I got the S and it was too big, ended up returning it and getting the XS. It fits very well (although they still needed to shave the seat stem a bit). Great bike.


----------



## linx3301

5'6" and on XS frame? I'm like 1/2 inch taller than you and I'm on a M frame. I did ended up putting a 90mm stem though besides that I don't feel any other issue when riding.


----------



## LOUISSSSS

my bad, ended up getting the size S 51 frame 566.


----------



## AlxMacedoN

Hello fellas!

Reviving this post with my issue, I've recently adquired this same frameset in size L, and i am exactly the same proportions that the guy who started this post, 181 cm total height (equivalent to 6 foot) and have a 87 cm inseam (34.25 inches, huge legs), I fitted a seatpost to the frame and tried to make some measurements but it look's way too high, 25 cm of seatpost exposed.

The question here is, it will fit me? Because I dont want to build this gorgoeus frame only to find out at the end is a no fit for me.

Appreciate in advance for your help.


----------



## AlxMacedoN

Hello fellas!

Reviving this post with my issue, I've recently adquired this same frameset in size L, and i am exactly the same proportions that the guy who started this post, 181 cm total height (equivalent to 6 foot) and have a 87 cm inseam (34.25 inches, huge legs), I fitted a seatpost to the frame and tried to make some measurements but it look's way too high, 25 cm of seatpost exposed.

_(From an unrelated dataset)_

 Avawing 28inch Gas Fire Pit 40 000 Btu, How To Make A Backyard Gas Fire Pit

The question here is, it will fit me? Because I dont want to build this gorgoeus frame only to find out at the end is a no fit for me.

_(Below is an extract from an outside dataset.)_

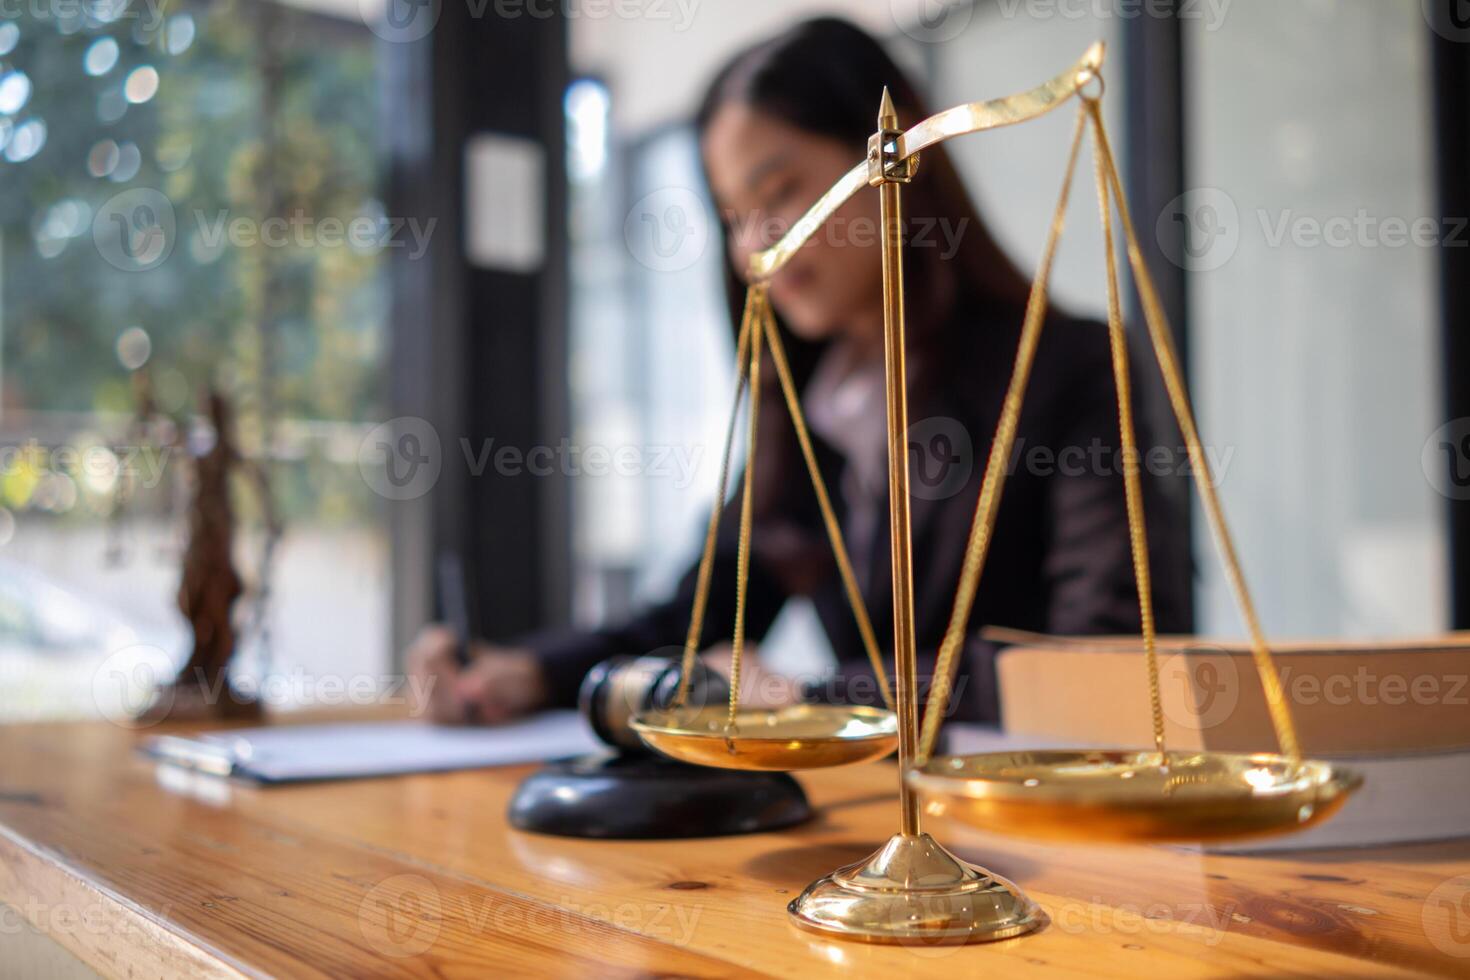 Brass scales are placed on lawyers desks in legal advice offices as a symbol of fairness and integrity in the High Court decision making. Brass scales were used as a symbol of honesty and justice. photo

Appreciate your help in advance!


----------



## MMsRepBike

As long as the post is 350mm or longer, having 250mm exposed is fine.

Will the bike fit you? No idea.


----------



## bikerjulio

What's your saddle height? C/L of crank to top.

Do you know what saddle to bar drop you usually run, and can it be done with that frame without a riser stem?

I see that the OP settled on an XL. Going a size smaller would have given a more "racy" fit, but IMO an XL would have been better for you too, but without knowing more it's hard to say too much.


----------



## AlxMacedoN

Honestly IDK my saddle to drop measurements, but i currently ride a 58 cm CT traditional steel frame (a 90's pinarello Stelvio), showing a 19 cm of seat post with a 95mm stem


----------



## AlxMacedoN

And my saddle height on my current ride is 82cm from center of crank to the top of the saddle with a 170mm crank arm, i dont know if this could help,but this are my measurements from the competitive cyclist page:
Inseam: 87
Trunk: 55.5
Forearm: 35
Arm: 69
Thigh: 65
Lower Leg: 60
Sternal Notch: 149
Total Body Height: 181	

I've never builded a compact or sloping frame before, im having troubles here


----------



## bikerjulio

AlxMacedoN said:


> And my saddle height on my current ride is 82cm from center of crank to the top of the saddle with a 170mm crank arm, i dont know if this could help,but this are my measurements from the competitive cyclist page:
> Inseam: 87
> Trunk: 55.5
> Forearm: 35
> Arm: 69
> Thigh: 65
> Lower Leg: 60
> Sternal Notch: 149
> Total Body Height: 181
> 
> I've never builded a compact or sloping frame before, im having troubles here


Saddle to bar drop is not related to the frame. You measure the saddle height from the floor, and top of bar height from the floor and subtract. Your saddle height is within 1/2 cm of mine at 81.5 and I ride an XL LOOK. But maybe you are a very racy guy, who likes the bars very low. IDK.


----------



## AlxMacedoN

This is my current setup as you can see is not like a total "racy" setup.


----------



## bikerjulio

If you are happy with the setup of your current bike then it's a very simple matter to see if it can be duplicated in the new one.

With the saddle at the correct height, measure setback on both by putting the rear wheel against a wall, measure from crank c/l to wall, measure from saddle tip to wall, and subtract - that's your setback. Adjust the new bike as needed.

I have already told you how to measure saddle to bar drop - so do that next. Normally changed with spacers, flipping stem as a last resort.

Finally measure reach - I do it from the saddle tip to the c/l of the bars. If the bars have significantly different reach then you can place a rod across the top of the grips and measure to that. If the reach can be set by using a stem that's within a normal range - say 100 to 130 mm, then you're good.


----------